L’espoir s’est reporté sur l’idée que cette dernière formation pourrait être un nouveau Syriza, mais c’est faire abstraction de tout ce qui différencie l’Italie de la Grèce, en premier lieu qu’elle n’est pas dépendante de la Troïka. Une grande majorité des électeurs a voté pour des partis qui ont pris ou prennent toujours leurs distances avec l’euro. Et si cela ne va pas se traduire par une sortie à court terme de la monnaie communautaire, la politique budgétaire qui sera menée risque fort de faire sortir le pays de ses rails budgétaires, quand bien même les programmes électoraux, qui sont faits pour être oubliés, ne seront pas appliqués tels quels.

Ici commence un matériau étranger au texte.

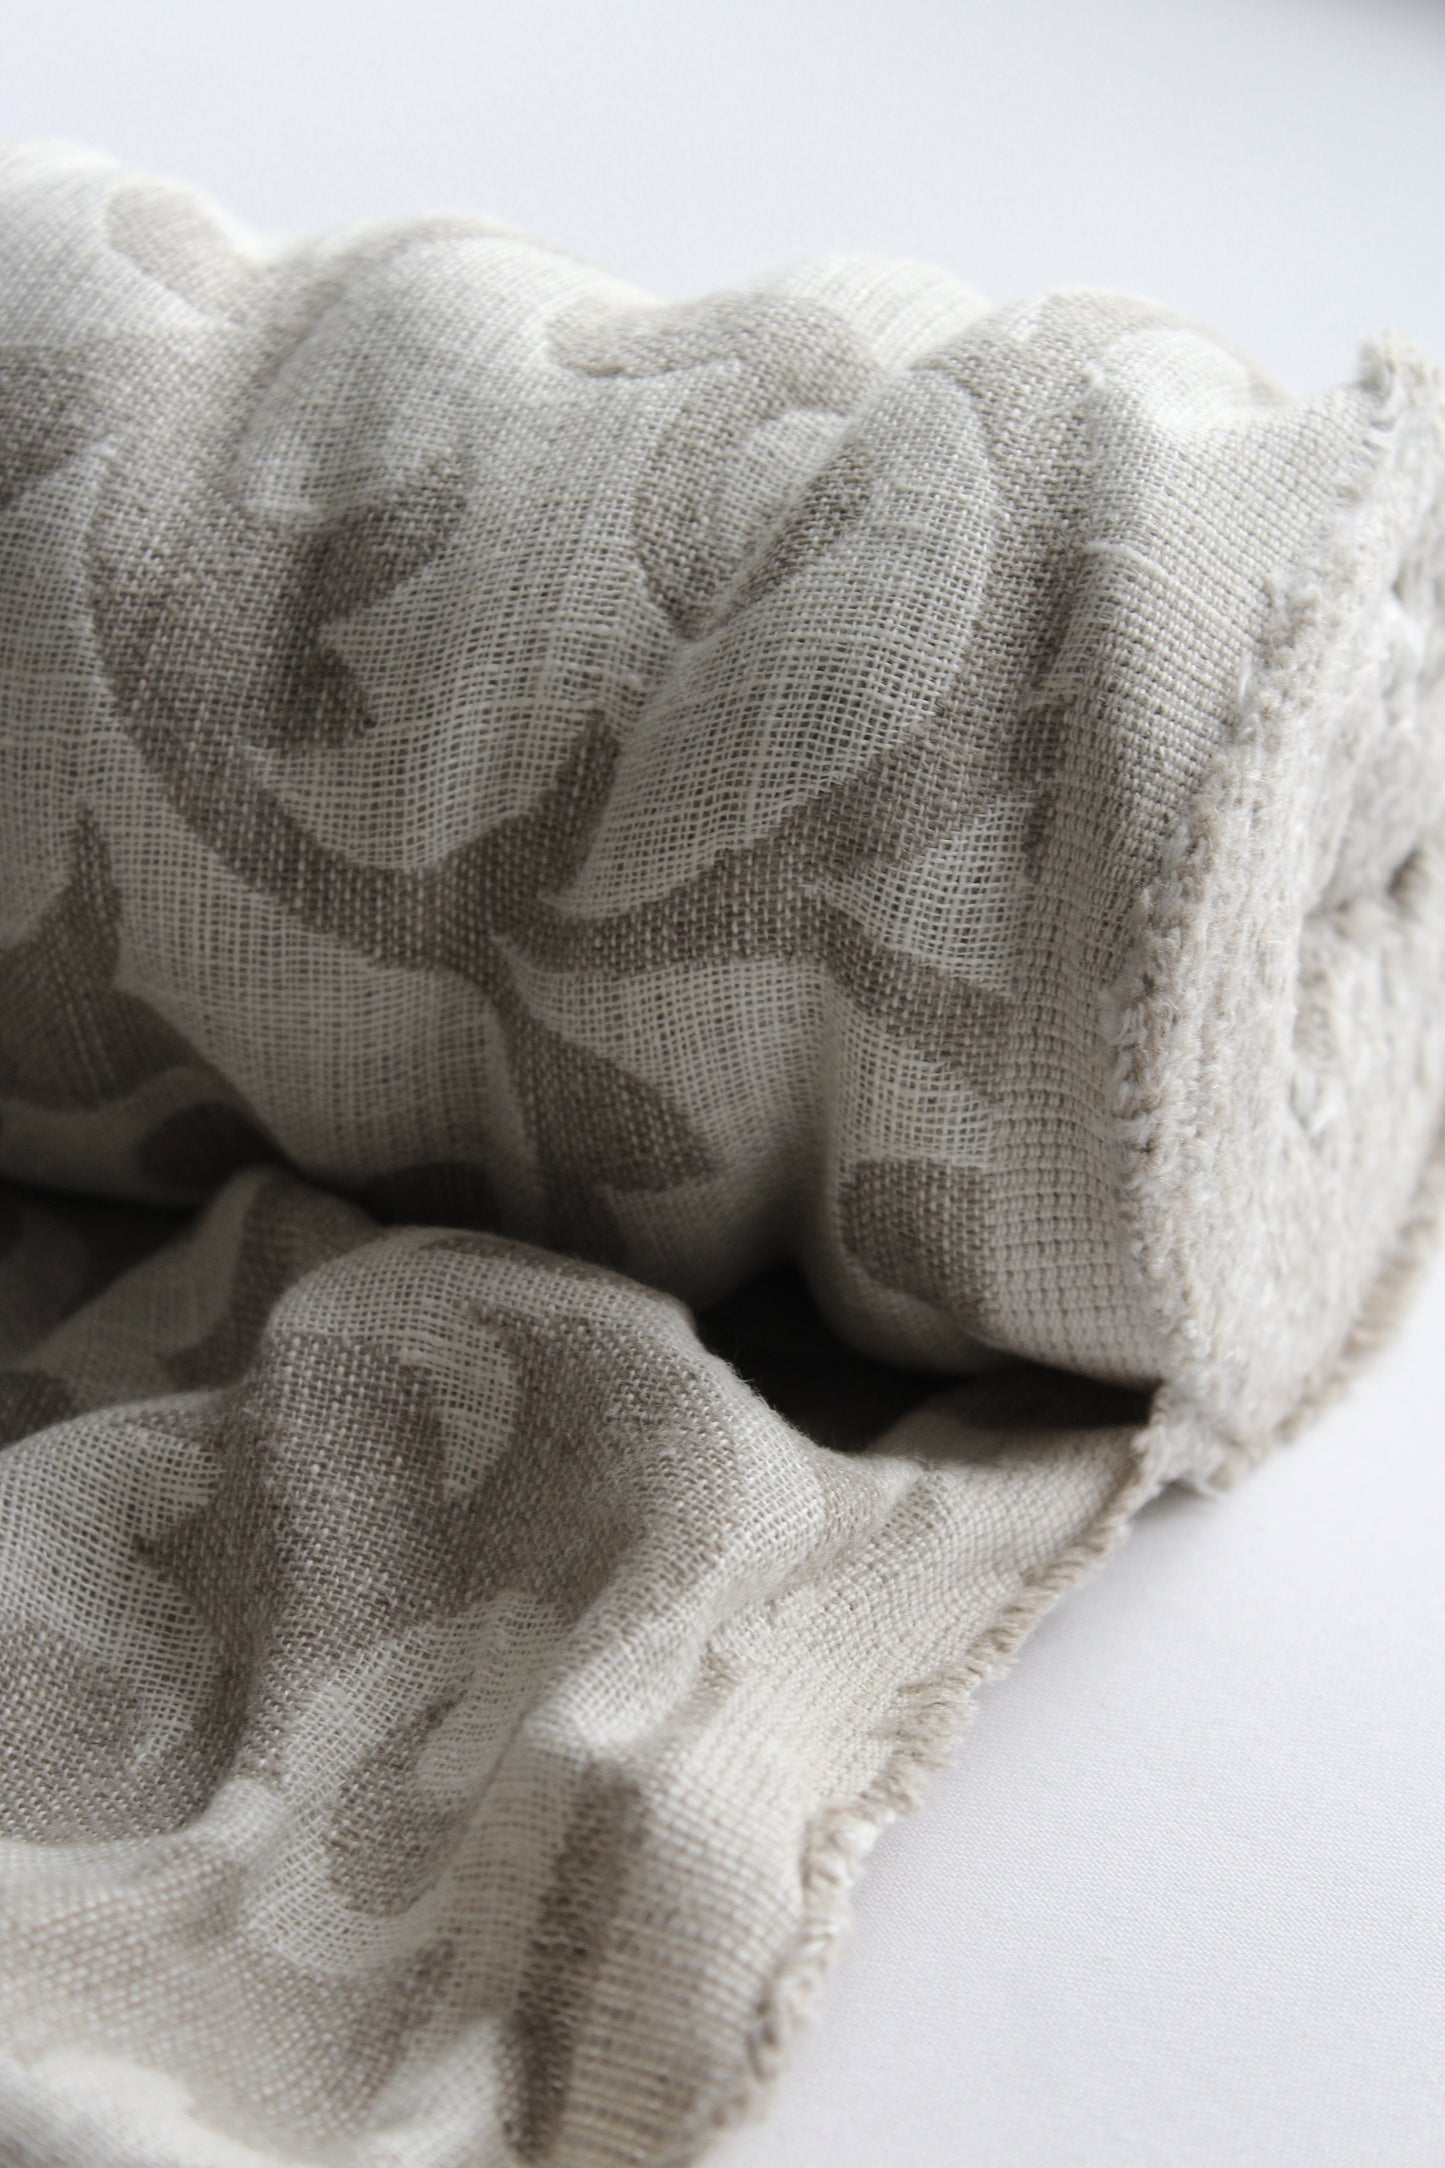 Double Woven Jacquard Linen Fabric

Les populistes l’ont emporté, mais cette appellation fourre-tout désormais devenue péjorative n’est guère éclairante. Cette étiquette est indistinctement collée à ceux qui ne jouent pas le jeu, qui sont irresponsables et refusent les contraintes européennes en vigueur.

C’est précisément ce qui est revendiqué ! Et la réédition du départ forcé de Silvio Berlusconi de 2011 orchestré par Jean-Claude Trichet (à l’époque président de la BCE) n’aurait pas de sens aujourd’hui, faute de disposer des appuis parlementaires à une solution gouvernementale alternative raisonnable… L’épisode Mario Monti n’est pas renouvelable, et d’ailleurs il avait fait chou blanc.

L’Italie a deux énormes points faibles, la dette privée détenue par ses banques sous forme de prêts toxiques et sa dette publique. Si la crise de cette dernière est réactivée, comment les autorités italiennes pourront-elles répliquer ? La BCE pourra monter au créneau afin de concrétiser la promesse de Mario Draghi de « faire tout ce qui sera nécessaire », et tout sera reparti. La dette italienne devenant clairement insoutenable, il ne sera plus possible de nier cette évidence en raison de ses énormes implications. Une mise à plat de la dette dans toute l’Europe s’imposera, la dernière chose qui est souhaitée.

Sous Matteo Renzi, le gouvernement italien n’a cessé d’approuver au niveau communautaire des décisions qui ne lui convenaient pas, espérant trouver des biais pour ne pas avoir à les appliquer.

Demain, que va-t-il rester d’autre comme solution pour la majorité actuelle que de plier pour rentrer dans le rang ou de sortir de l’euro ? Cela renverra à la solution d’une monnaie parallèle que Yanis Varoufakis et James Galbraith avaient imaginée pour la Grèce et qu’Alexis Tsipras avait refusée, scellant la fin de leur collaboration

Tout en excluant une alliance entre eux, la Ligue et le M5S revendiquent un pouvoir dont ils n’ont pas seuls les moyens. Faute d’alliance, reste l’option d’une scission au sein du PD.